Source data
____________

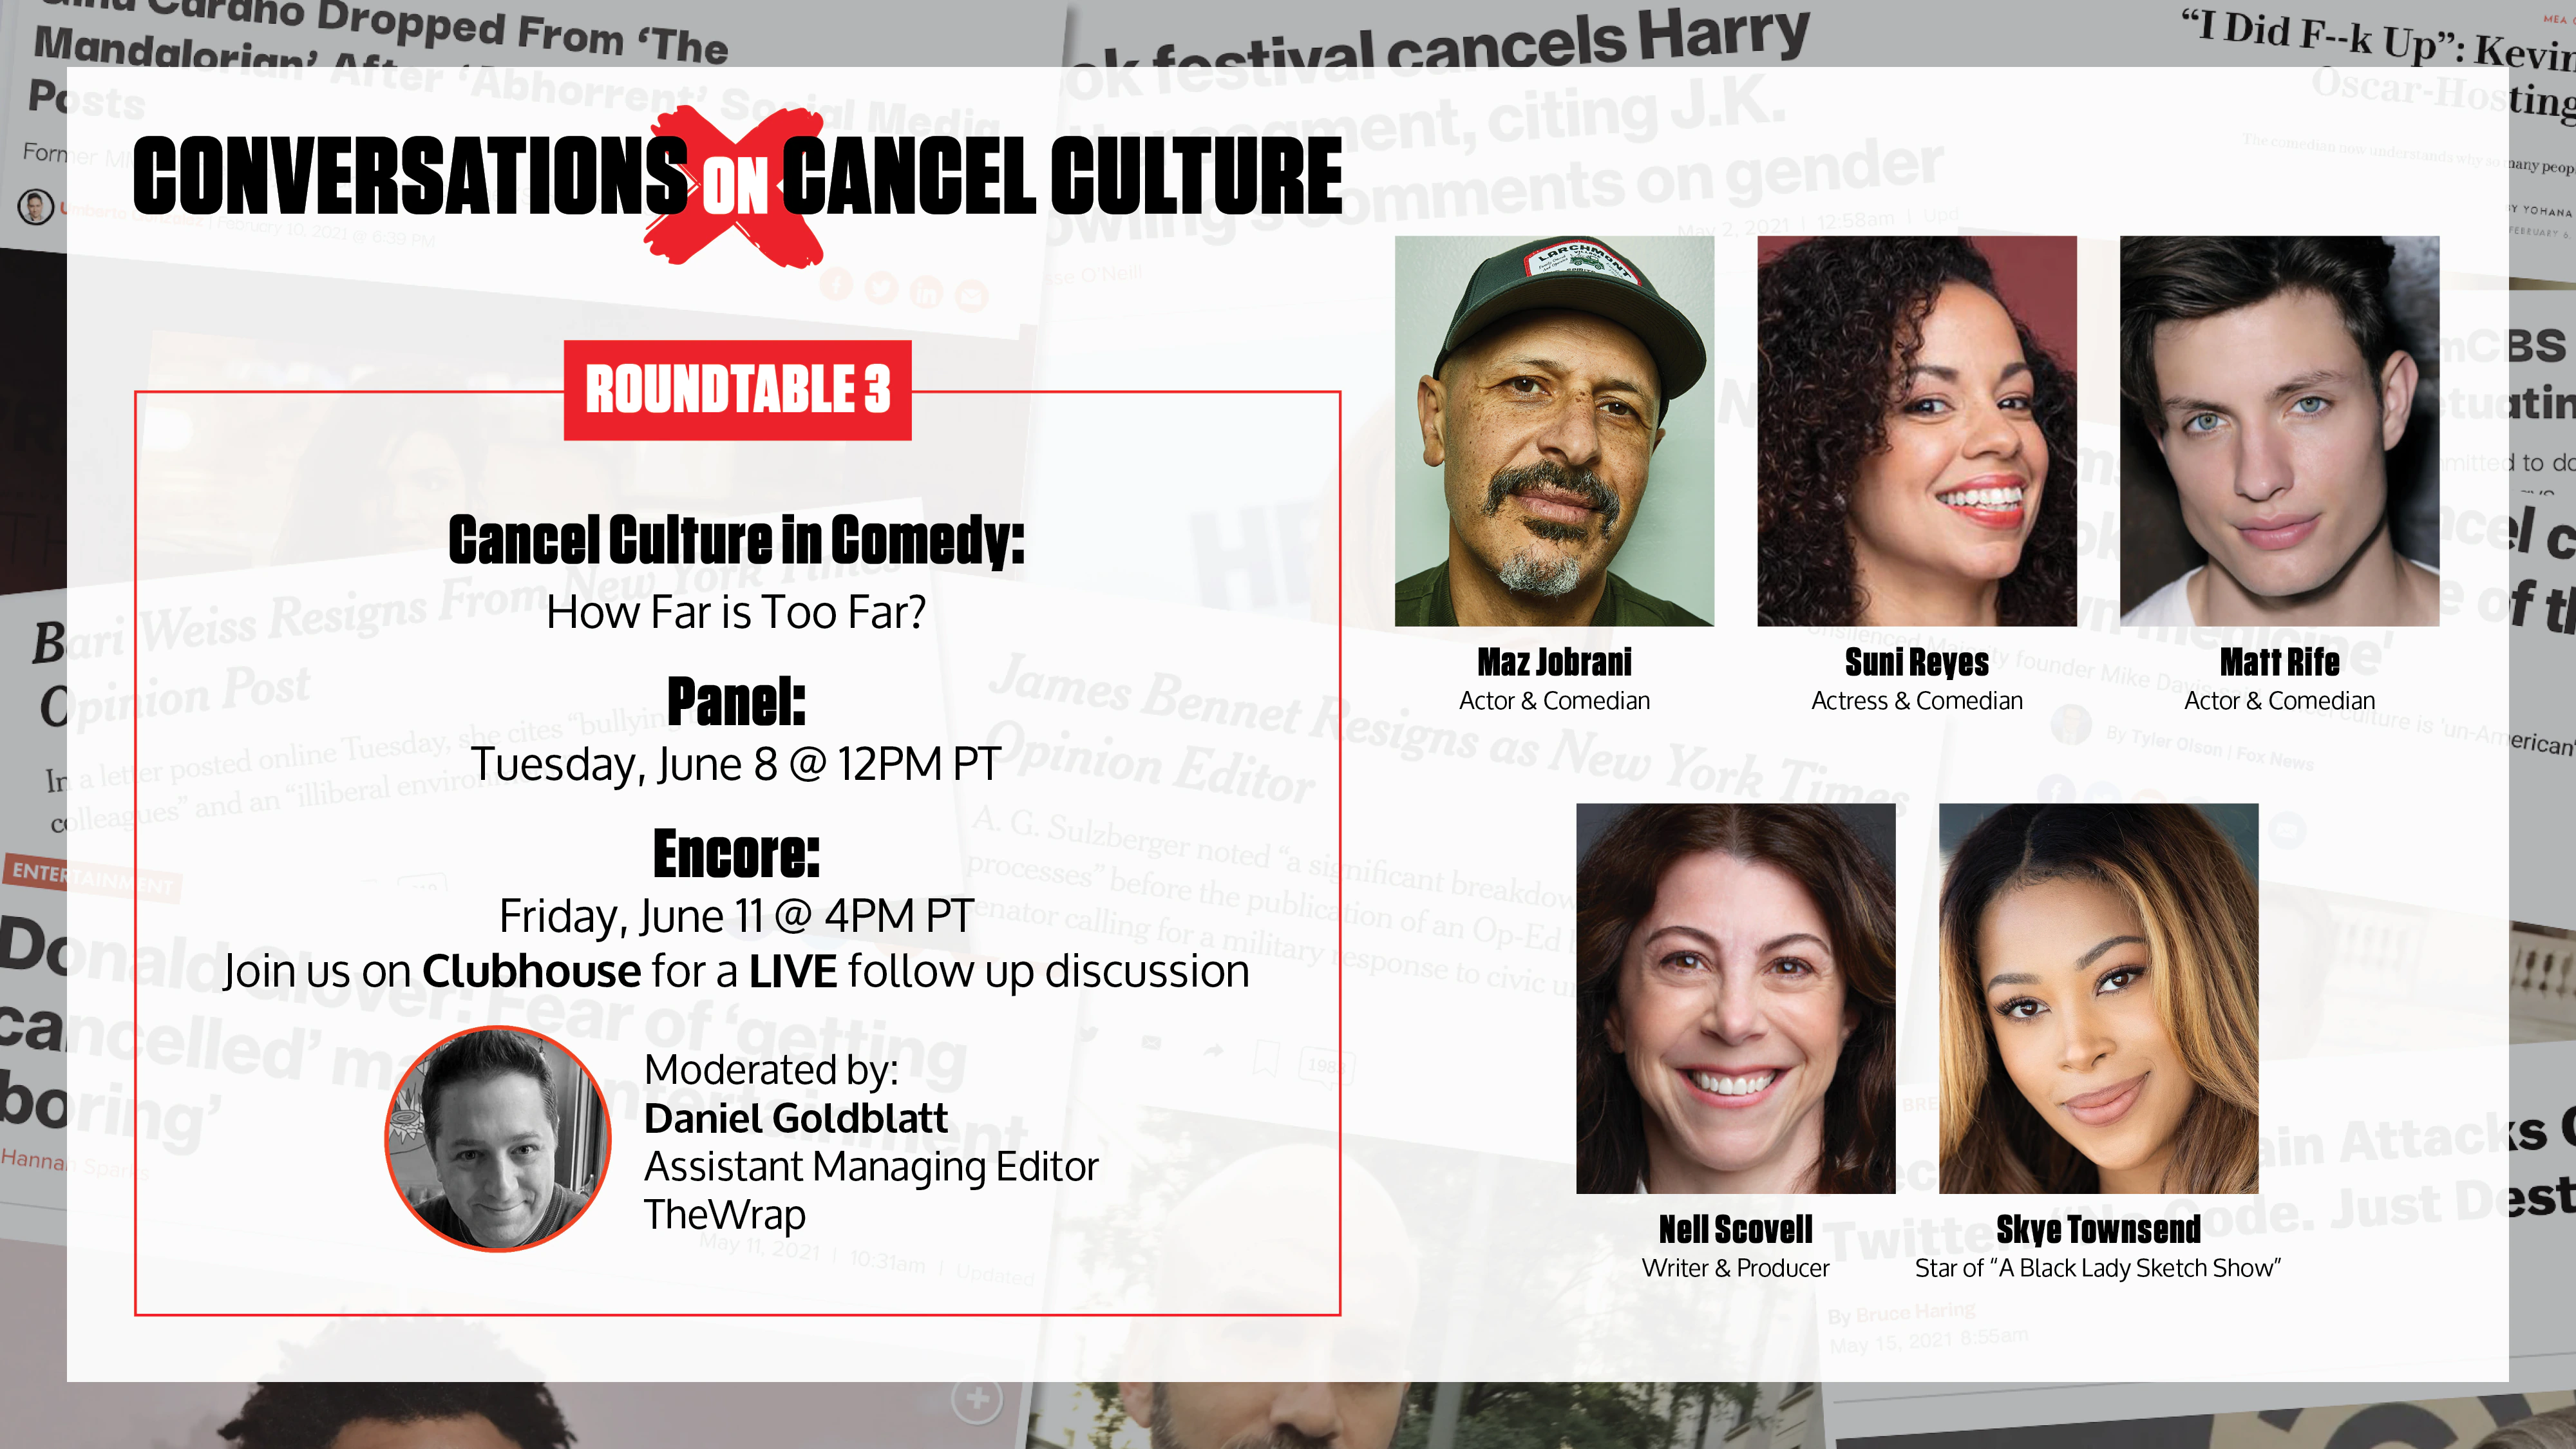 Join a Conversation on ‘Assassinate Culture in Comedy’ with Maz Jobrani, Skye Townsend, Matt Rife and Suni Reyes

____________

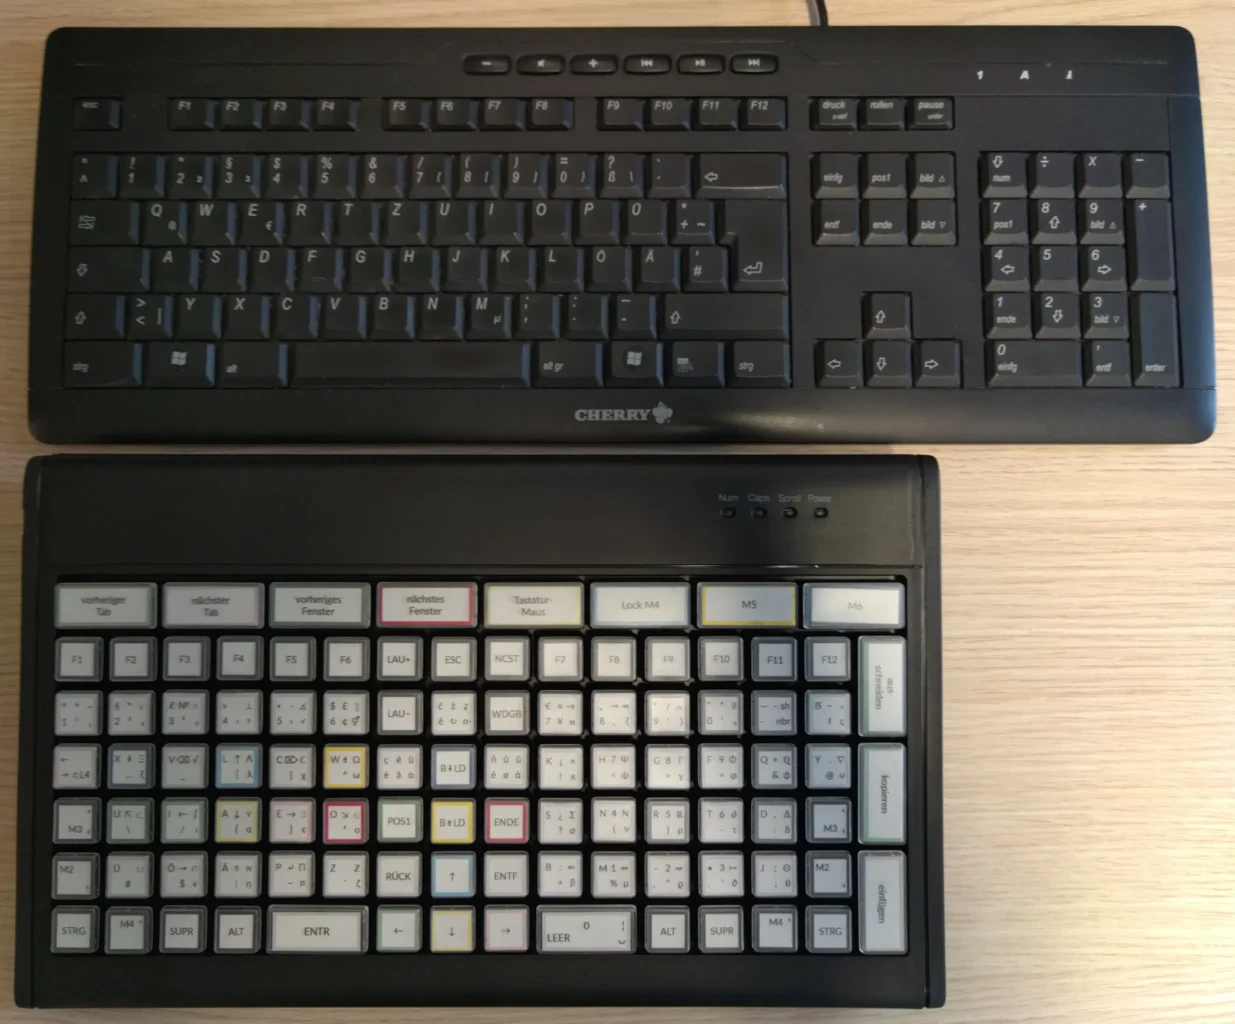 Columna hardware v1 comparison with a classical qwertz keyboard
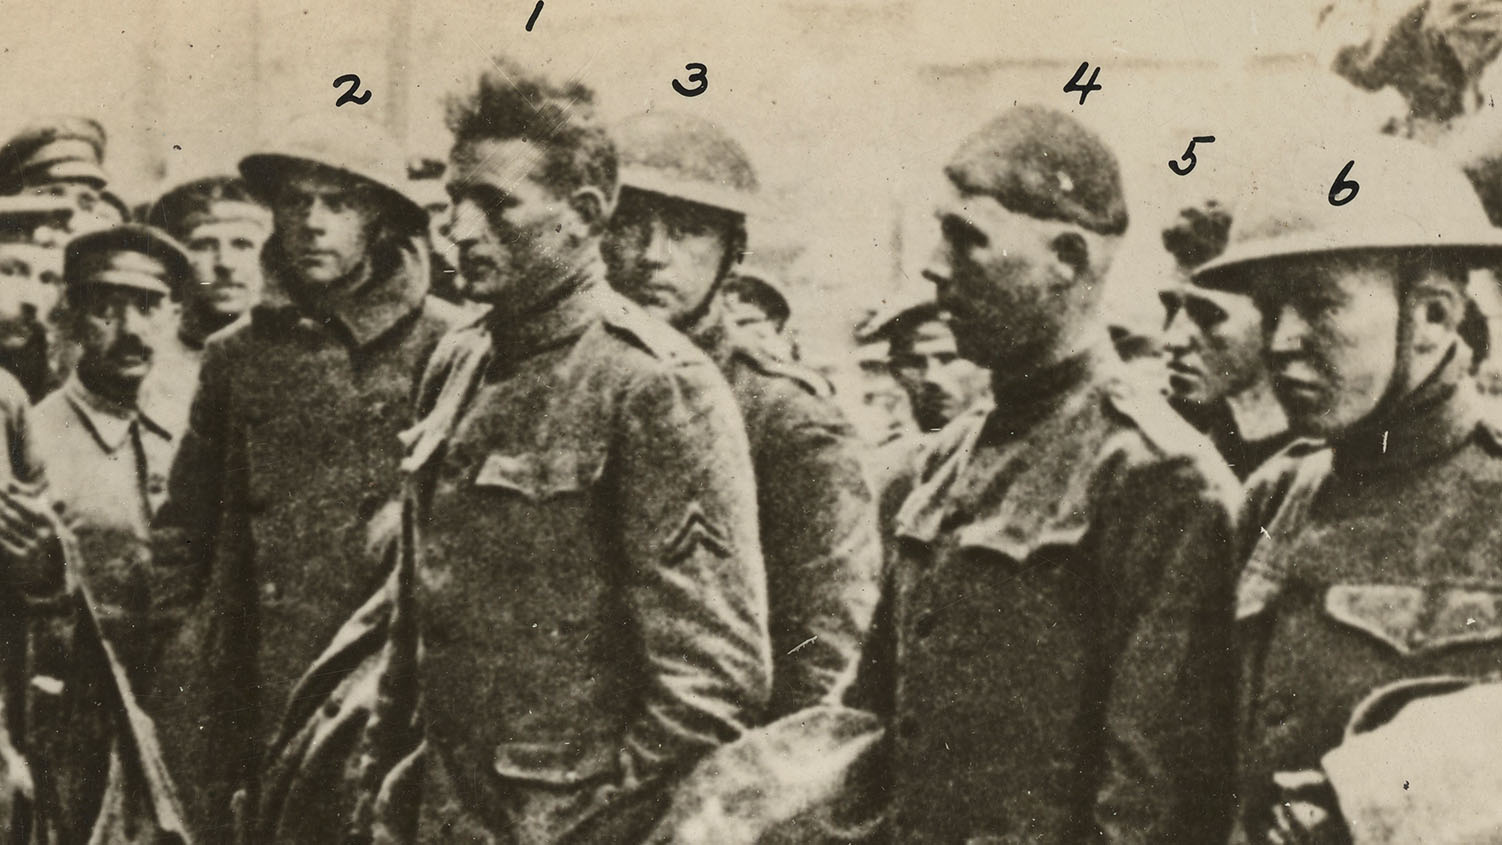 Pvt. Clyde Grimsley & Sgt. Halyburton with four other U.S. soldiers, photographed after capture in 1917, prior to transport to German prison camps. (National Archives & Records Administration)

____________

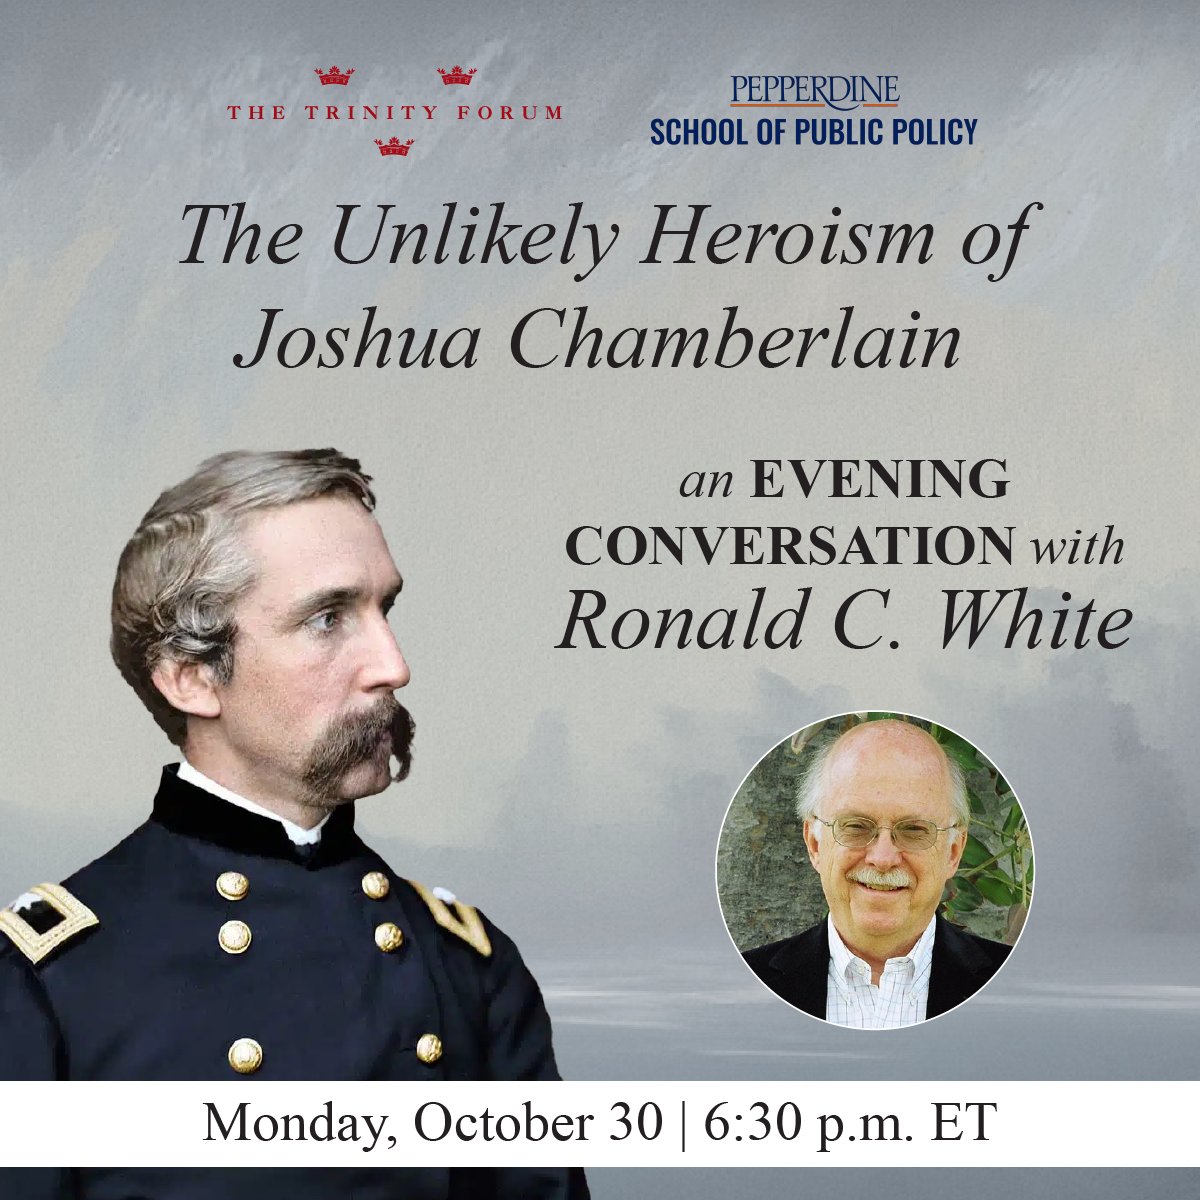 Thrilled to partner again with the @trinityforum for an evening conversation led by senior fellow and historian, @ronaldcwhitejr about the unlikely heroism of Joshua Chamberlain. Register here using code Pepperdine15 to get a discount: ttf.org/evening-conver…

____________

Your goal
Using the listing above, repeat word for word each line from the one with "Columna hardware v1" down to the one with "Pvt. Clyde Grimsley", both included. Omit all pictures.

Expected answer
 Columna hardware v1 comparison with a classical qwertz keyboard
 Pvt. Clyde Grimsley & Sgt. Halyburton with four other U.S. soldiers, photographed after capture in 1917, prior to transport to German prison camps. (National Archives & Records Administration)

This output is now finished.